**PROBLEM DETAILS**
Below are entries with pictures in them. Output exactly the lines starting at the line with "Black Spiderman 3D Wallpapers" and ending at the line with "Electric Heated Knee", both included, but not the pictures.

**INFORMATION SHOWN**
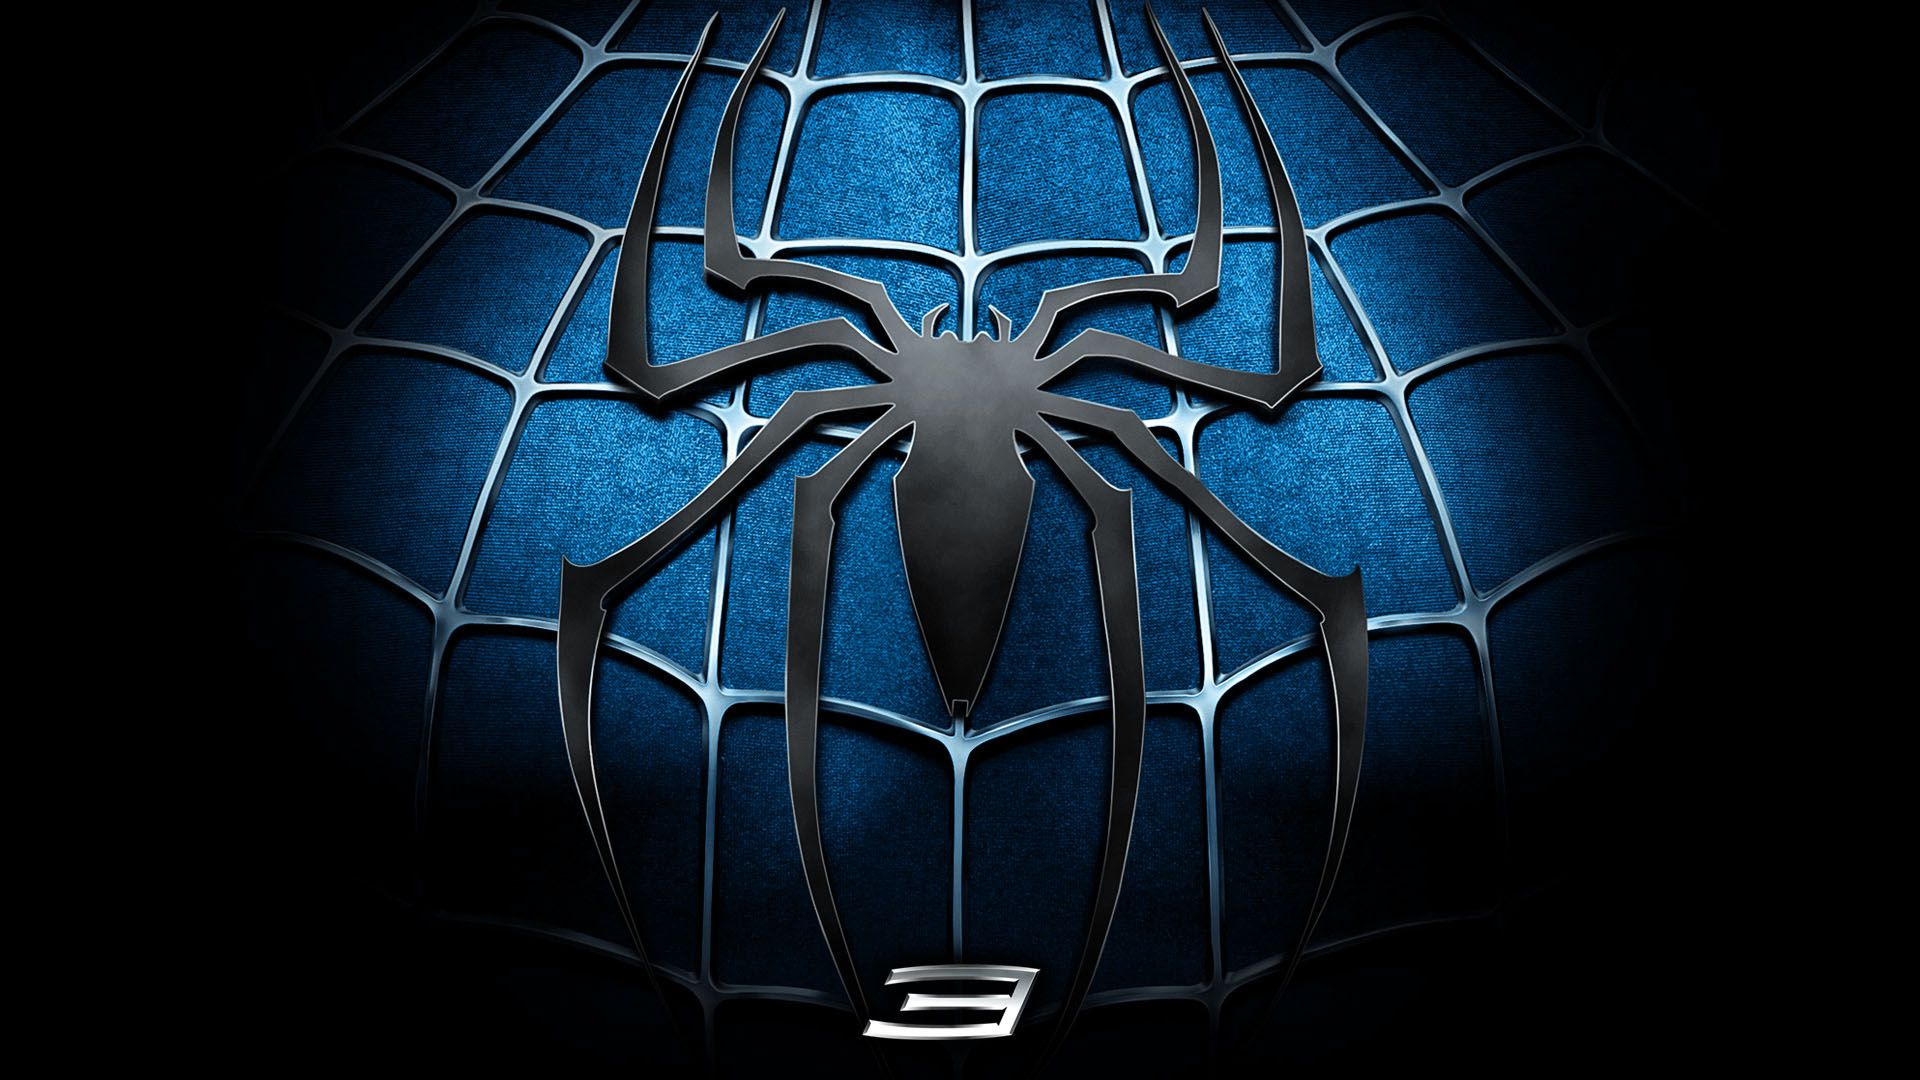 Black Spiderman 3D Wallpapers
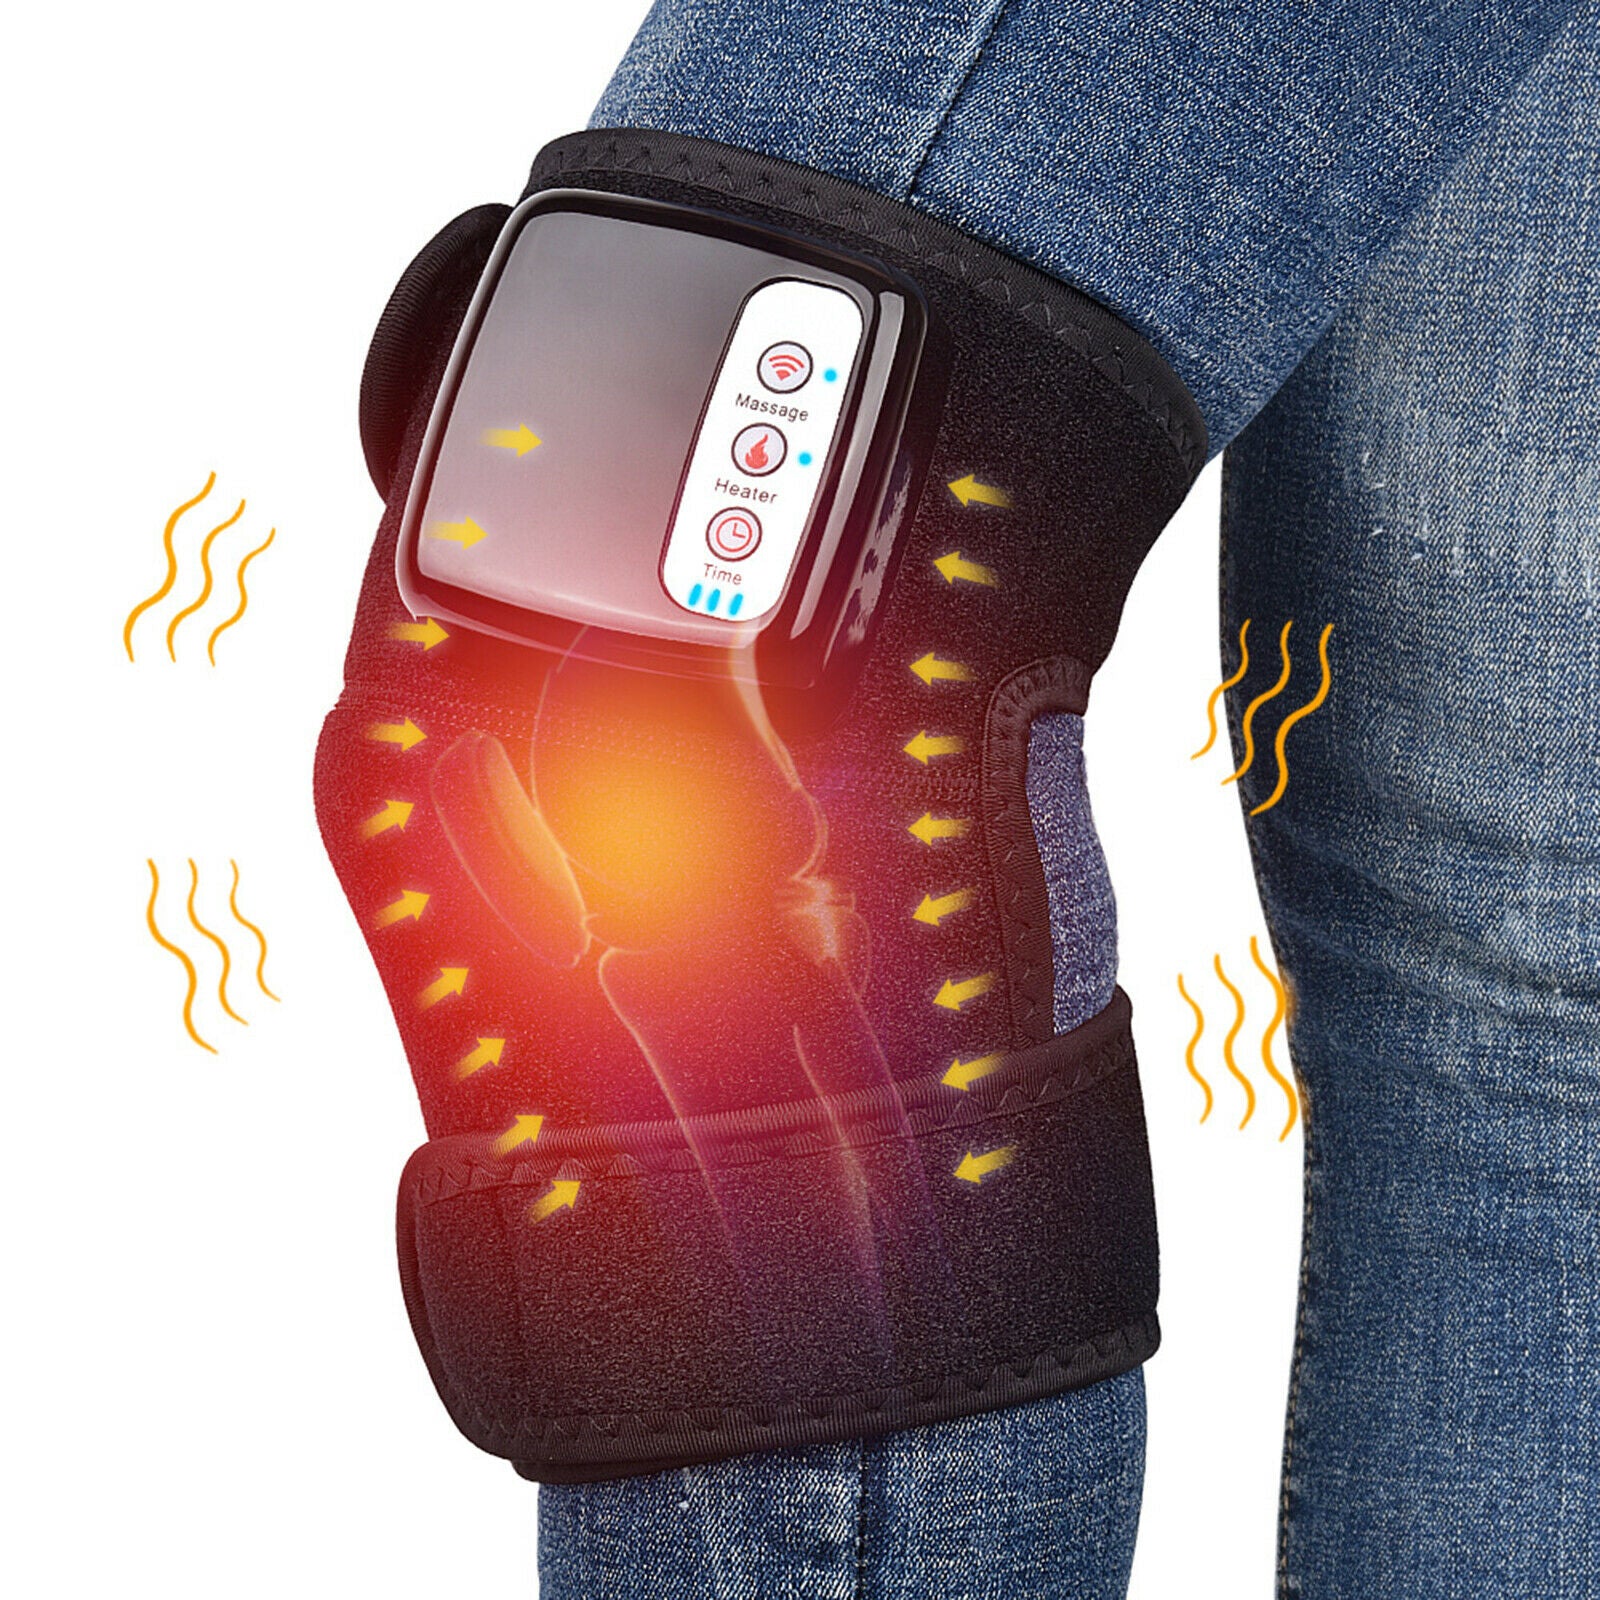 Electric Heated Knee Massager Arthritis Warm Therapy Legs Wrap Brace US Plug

...

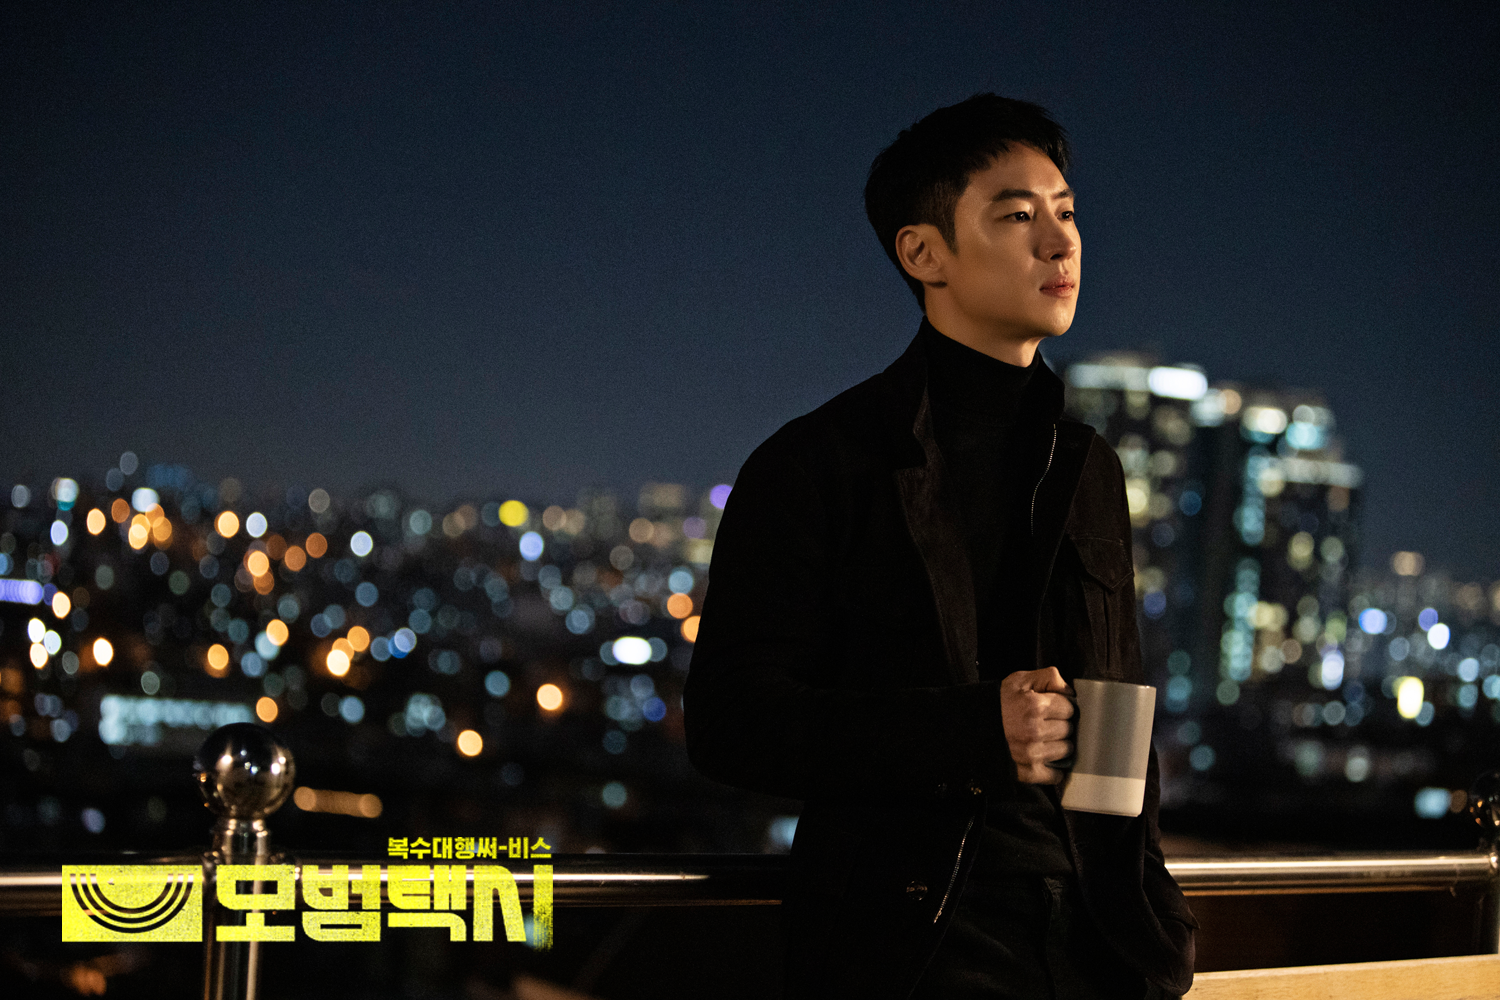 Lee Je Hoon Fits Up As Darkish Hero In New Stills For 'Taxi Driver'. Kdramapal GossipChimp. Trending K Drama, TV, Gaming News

==

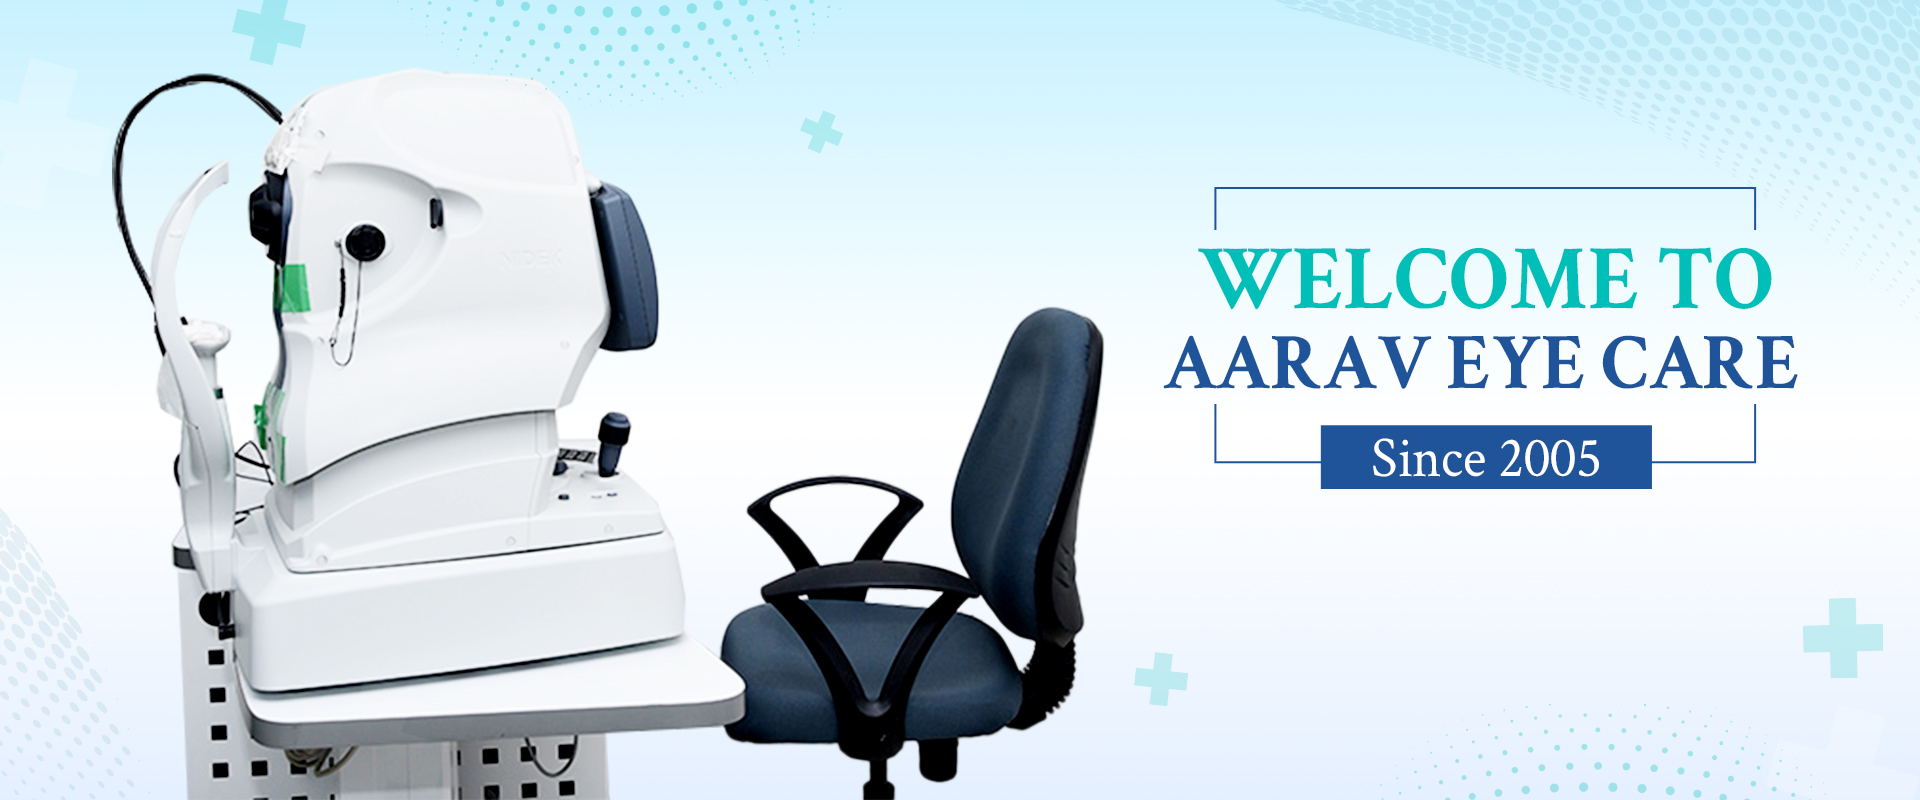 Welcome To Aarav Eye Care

**RESPONSE AREA**
 Black Spiderman 3D Wallpapers
 Electric Heated Knee Massager Arthritis Warm Therapy Legs Wrap Brace US Plug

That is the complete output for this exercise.